Grading mode selection: Human-in-the-Loop for interactive review, or Auto Bulk Grading for processing entire sections at once.

Policy Learning: The System Gets Smarter Over Time

This is probably the most interesting part. When a TA overrides an AI-assigned score and provides a reason, the system doesn’t just accept the correction — it learns from it. A background process extracts generalizable IF/THEN rules from the override and stores them as grading policies with severity, confidence, and instance count metadata.

These policies are automatically enforced in subsequent grading runs. Over time, the system converges toward the instructor’s grading style. In practice, we observed a 68% decline in override rates after just a few grading cycles — the system was picking up on patterns like notation conventions, common partial-credit scenarios, and edge cases that the original rubric didn’t explicitly address.
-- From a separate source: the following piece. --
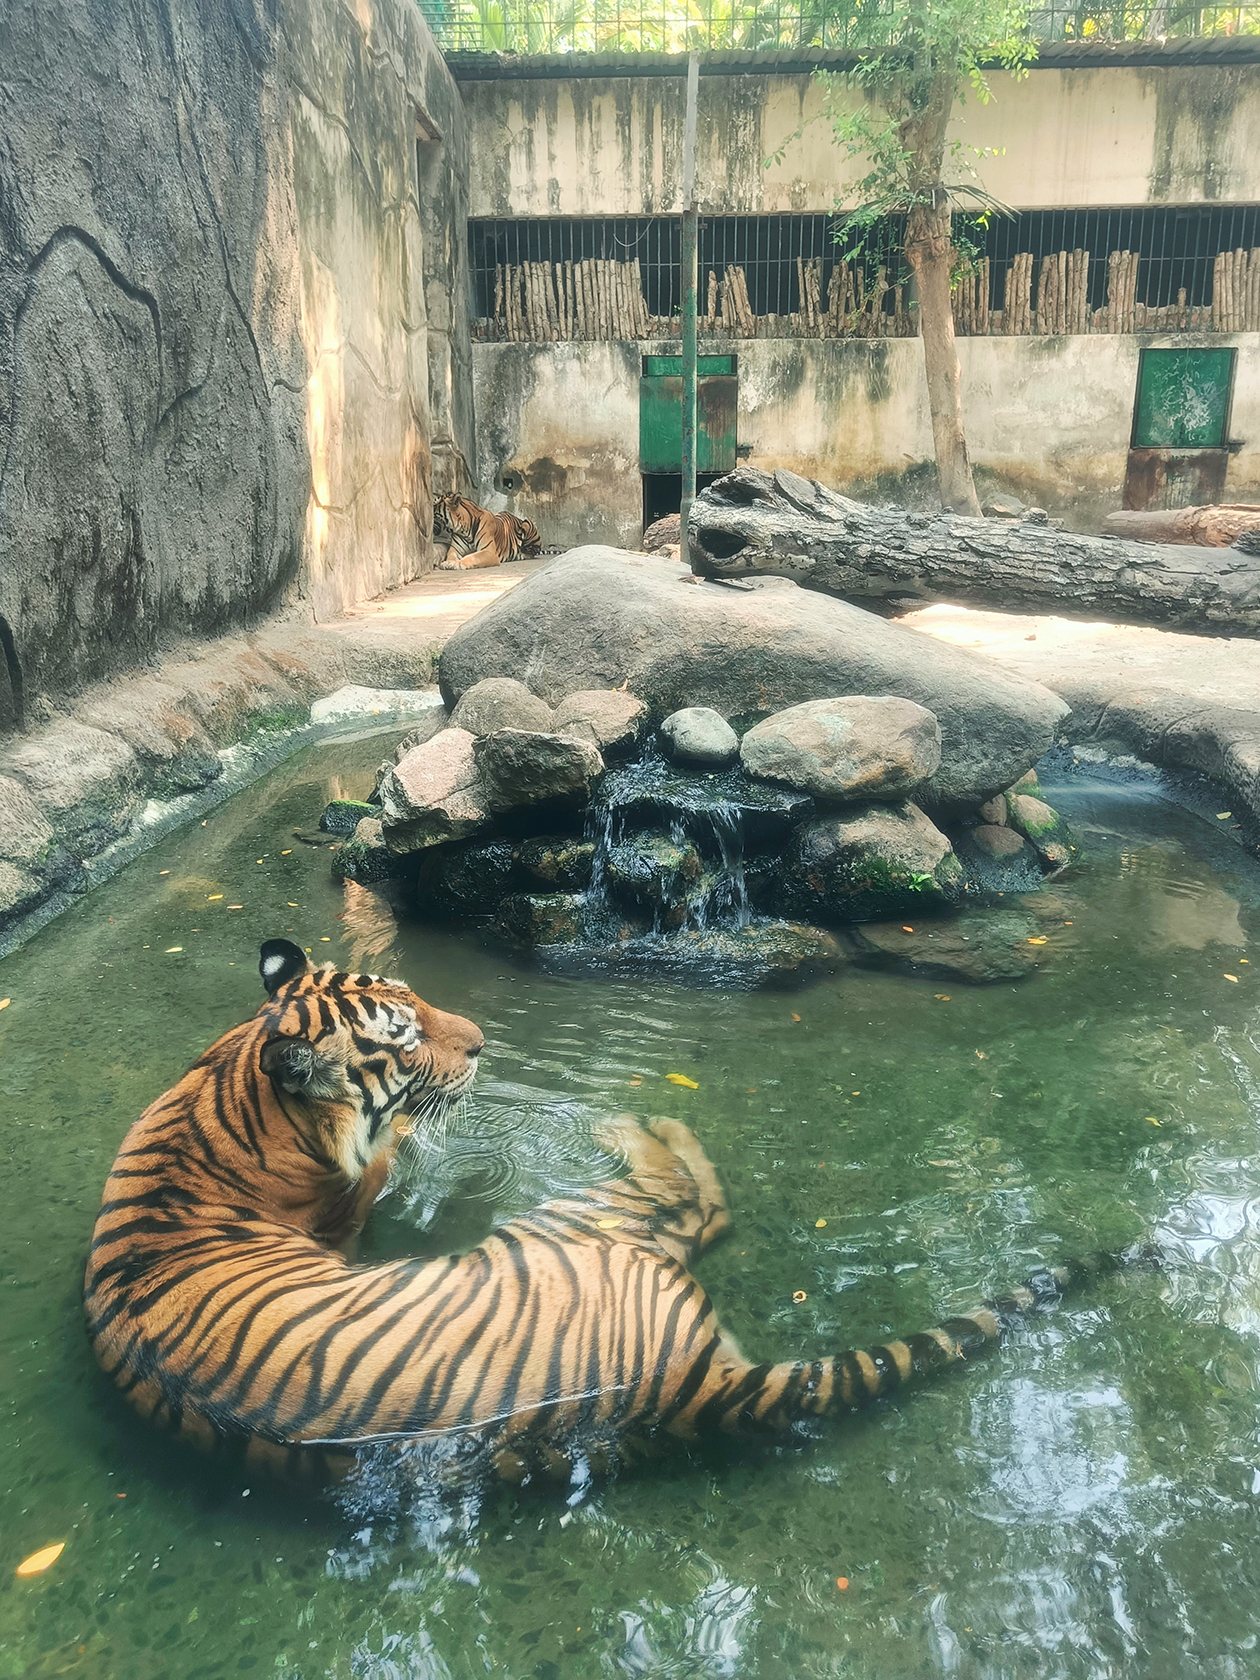 Духота при +37 °C вынуждает тигра на отчаянные меры

Rules are capped at 50 per assignment and 200 per course to prevent proliferation, and each rule accumulates confidence through repeated application.

AI Rubric Builder

Setting up an assignment is guided by a step-by-step wizard. Instructors specify the assignment type, upload reference solutions, and answer a few clarifying questions generated by the AI. The system then produces a full rubric draft with per-category scoring criteria at the FULL, PARTIAL, and NONE levels — ready to use or refine.
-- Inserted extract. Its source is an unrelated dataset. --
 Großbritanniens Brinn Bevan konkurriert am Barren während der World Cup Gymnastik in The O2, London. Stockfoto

The AI Rubric Builder: upload a reference solution, answer clarifying questions, and get a complete rubric draft with per-category scoring criteria.

Chat with the Grader

Sometimes you want to ask a follow-up question about a specific submission without re-running the entire analysis. AutoGrader includes a conversational AI console where TAs can ask natural-language questions about any submission — “did the student hardcode the values anywhere?”, “is the loss function implemented correctly?” — and get responses grounded in the actual submission content.

The conversational AI console: ask follow-up questions about any submission and get evidence-grounded responses.

Results and Impact

AutoGrader was deployed for active use in courses at Carnegie Mellon University across the ECE and CS departments.

Grading statistics dashboard showing progress, score distributions, per-rubric-item averages, and override rates across a class section.

Key metrics from deployment:

87% reduction in time spent grading per assignment
94% agreement rate with expert human graders
100% of scores backed by cited evidence from student submissions
6+ submission formats supported (PDF, Jupyter, Python, Canvas, HTML, Markdown)

Tech Stack

Python/Flask backend with real-time WebSocket connections for live pipeline progress. OpenAI GPT models for grading and Mistral AI for OCR. PostgreSQL (Neon.tech) for the database, Firebase for cloud file storage, and Bcrypt + Fernet encryption for security. Deployed on Fly.io via Docker.

The assignment management dashboard — a multi-tenant platform supporting multiple courses and instructors.